Before a borrower looks for refinancing offers, it’s wise to determine their creditworthiness. They can get a free credit report from AnnualCreditReport.com or use a free credit score monitoring service to review their credit history.  

If borrowers notice any errors on their credit report, they should dispute them with the appropriate credit reporting bureau to ensure their credit is in good standing before applying for a new loan.  
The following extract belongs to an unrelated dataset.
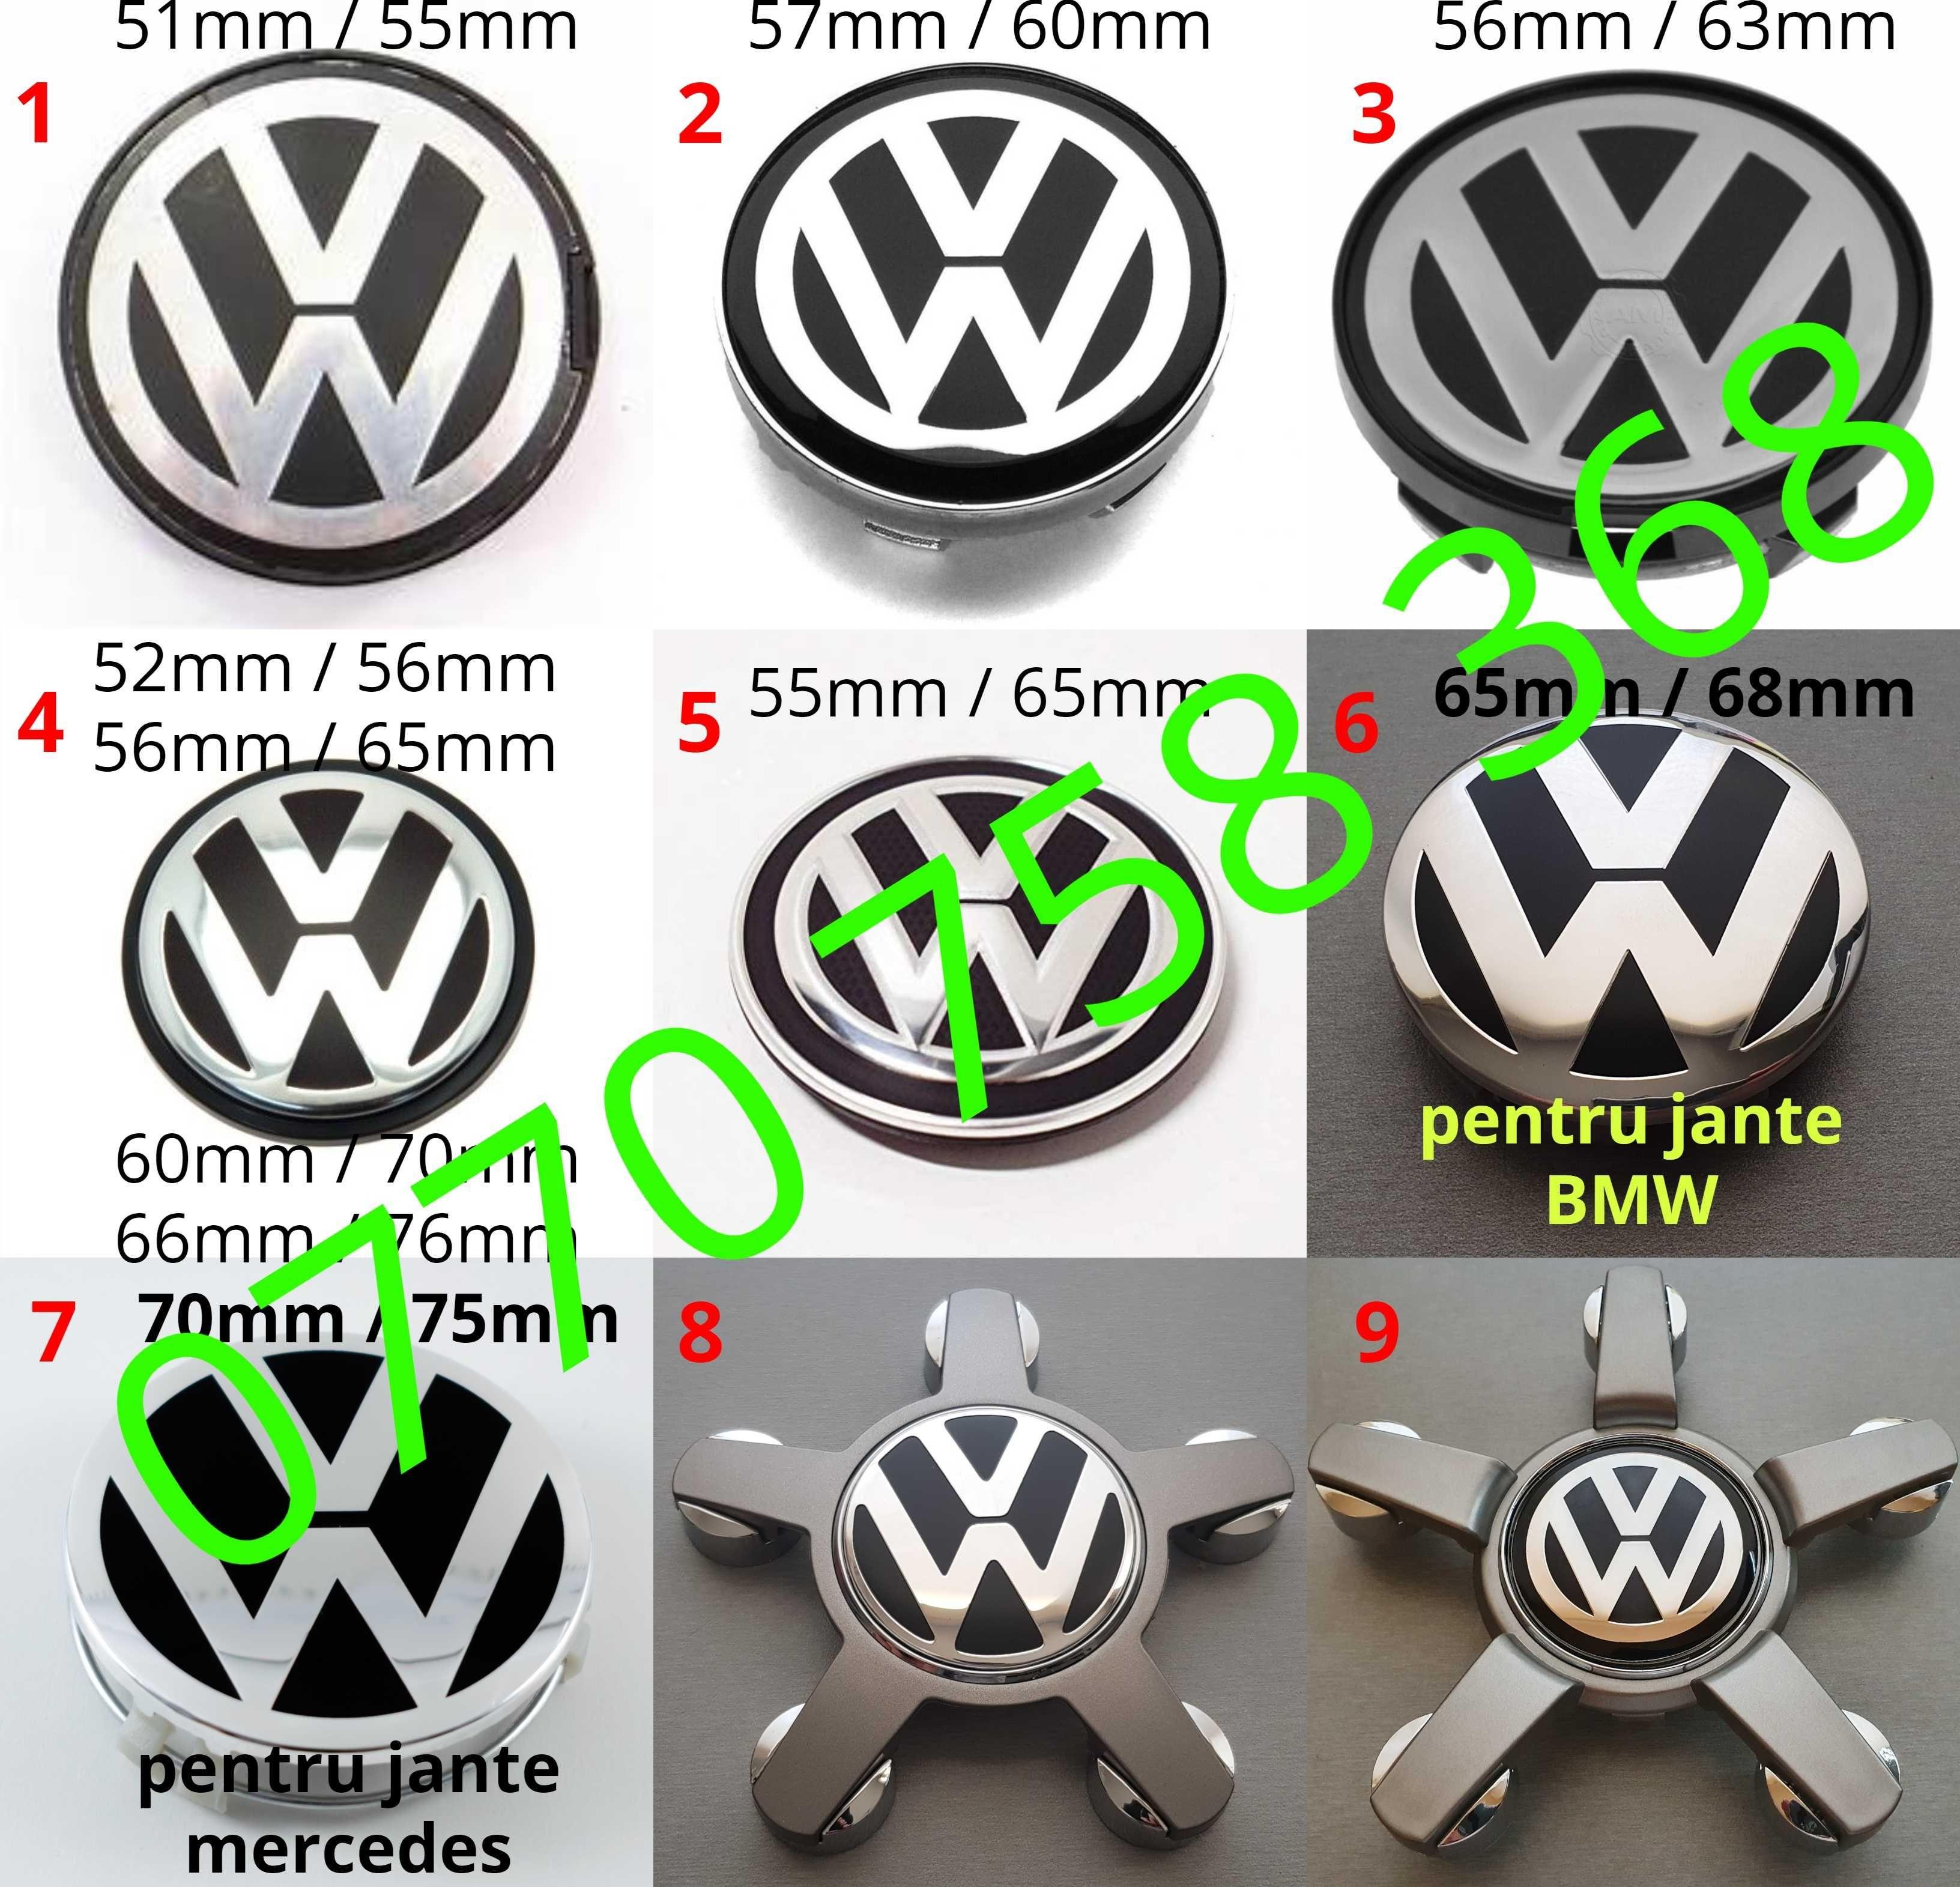 Capace roti jante aliaj Volkswagen VW Passat Golf Jetta Arteon Touareg

Prequalify for loan offers 

Not all lenders are created equal. For this reason, it’s well worth it for a borrower to shop around and compare refinancing options from different lenders. Many lenders offer prequalification tools on their websites so prospective borrowers can check potential rates and terms without impacting their credit score. It’s also important to note that refinancing usually involves working with a lender that is different from the one that issued the original loan. Borrowers should compare factors like: 

  • Interest rates  
  • Repayment terms  
  • Fees  
  • Special perks 
  • Lender reputation  

Submit an application 

After completing the prequalification process and the individual finds what they think might be the right lender, they can complete a refinancing application online or in person. The applicant needs to submit basic personal information and documentation, such as a government-issued identification document (ID), pay stubs, and bank statements. If the applicant is approved, they will likely receive their funds that same day or within a few business days. 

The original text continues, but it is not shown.